Вроде бы какой-то художник, обмолвился врач в коридоре. Они должны отвезти его в Париж на операцию, никак иначе, так хотят ангелы. Но мыслимое ли это дело – оставить в дураках захватчика, великанский бронированный глаз, следящий за каждым твоим шагом? Короткий металлический треск, будто дверь сдавленно усмехнулась, превозмогая боль. Будто клацнул оружейный затвор. Дурманящий запах лип. Разве рядом с больницей растут липы? А может, это всего лишь карболка, которой пропиталась измятая больничная рубашка художника. Аромат операционной.
Художник что-то бормочет про себя, кажется, он все время к кому-то обращается, губы овеяны беспрестанным невнятным лепетом, но оба похоронщика ничего не понимают, он говорит слишком тихо, и звуки его языка им незнакомы.
Вы из братства?.. принесли саргенес?.. хевра кадиша… надо разбить яйцо в воду… нового покойника нужно омыть жизнью… если не поздно… он придет сам… не забудь яйцо… его нужно в воду… яйцо расцветает в воде…
Похоронщики вопросительно переглядываются и задвигают металлические носилки в чрево катафалка. 6 августа 1943 года. Лето и война. Оккупация. Они знают, что будет, попадись они под черные стволы оккупантов. Похоронщики, полноватый старший и кашляющий младший, могут быть переодетыми сопротивленцами и саботажниками, а в катафалке у них инструменты. Мигом к железнодорожной насыпи, наверх, несколько привычных действий, и рельсы взлетают в воздух.
От больших магистралей с контрольными пунктами им нужно держаться подальше. Когда они уже направлялись к выходу, из палаты в коридор вышел сухопарый безымянный врач и, опустив взгляд, смущенно сунул им в руки желтую дорожную карту с синим человечком, эмблемой компании «Мишлен». Смеющийся, бегущий человечек, они назвали его Бибендум, с руками, ногами и туловищем, целиком составленными из автопокрышек. Иногда он с пугающими злыми глазами преследовал художника в его снах. Если живой груз будет обнаружен, похоронщики сами станут трупами. Пассажирам катафалка дозволяется быть только покойниками и ничем иным. Никто не поверит отговоркам, будто художник – мнимый покойник, который только что, к их изумлению, восстал из мертвых. Некоторые пункты на карте едва заметно помечены карандашом.
А черные парни со знаком «гамма», они уже расползаются к северу от демаркационной линии? С января сорок третьего милиционеры Дарнана снуют повсюду. Вынюхивают Сопротивление и тех, кто избегает трудовой повинности. Повинность она и есть повинность. И для спекулянтов тоже нет ничего святого, любой автомобиль сгодится, даже «черный ворон». Так где же жирные пласты сала, коньяк, консервы, кроличье рагу в красном вине?
В замедленной съемке взлетающие голуби, шепот, карболовые липы, запах, трепещущий между умиротворением и едкостью.
31 июля его привезли на «скорой помощи». Последние дни месяца были ужасны, о рисовании больше нечего и думать, боль под ложечкой пронизывала насквозь, почти не давая передышек, которыми прежде еще порой одаривала его с беспорядочной небрежностью. Я здесь, на минутку отошла, но обязательно вернусь. Немножко терпения, я быстро, можешь на меня положиться. Только не думай, будто я отлучилась надолго. Не говоря уж – бросила. Теперь я с тобой навсегда.

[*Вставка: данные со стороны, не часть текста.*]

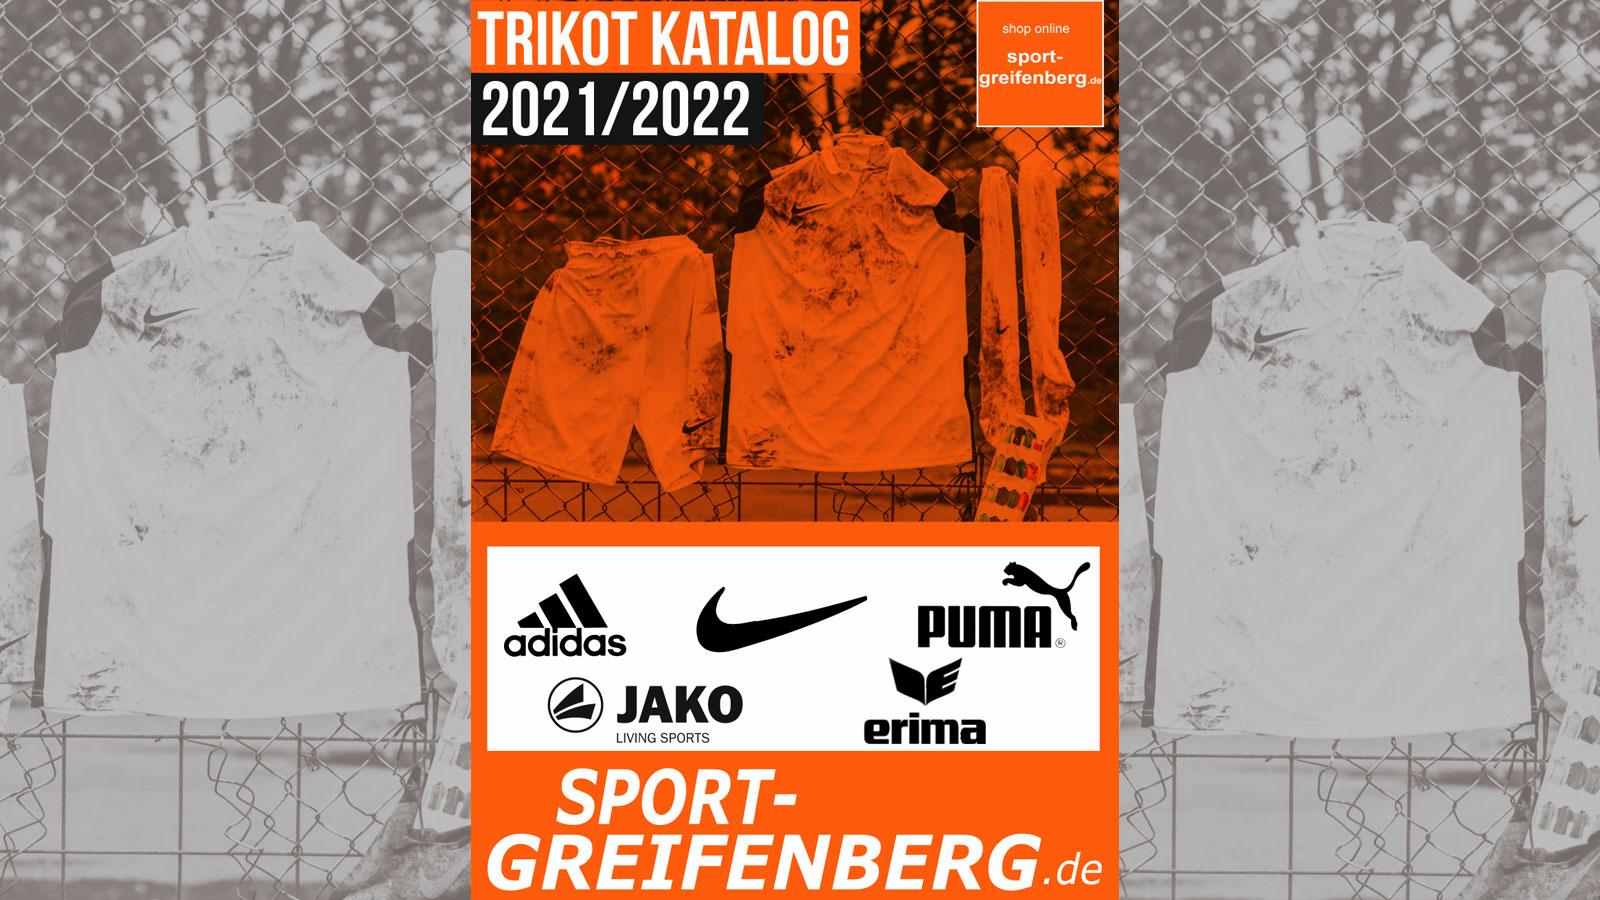 Der Trikot Katalog 2021/2022 als PDF für alle Marken

Ма-Бе, слышишь, ты еще здесь? Я тебя не вижу.
Художник закрыл глаза, он чувствует напряжение из-за того, что пытается смотреть сквозь веки. Он не может их открыть.
Утром у него был жар, он катался по матрасу как раненый зверь, бормотал невнятицу. Уже не на французском, хотя и выученном, но чужом – его будто стерли из памяти, остались только какие-то ошметки слов, из которых Ма-Бе ничего не могла разобрать. Она сочла это плохим признаком, беспокойно ходила туда-сюда, как тигрица в клетке.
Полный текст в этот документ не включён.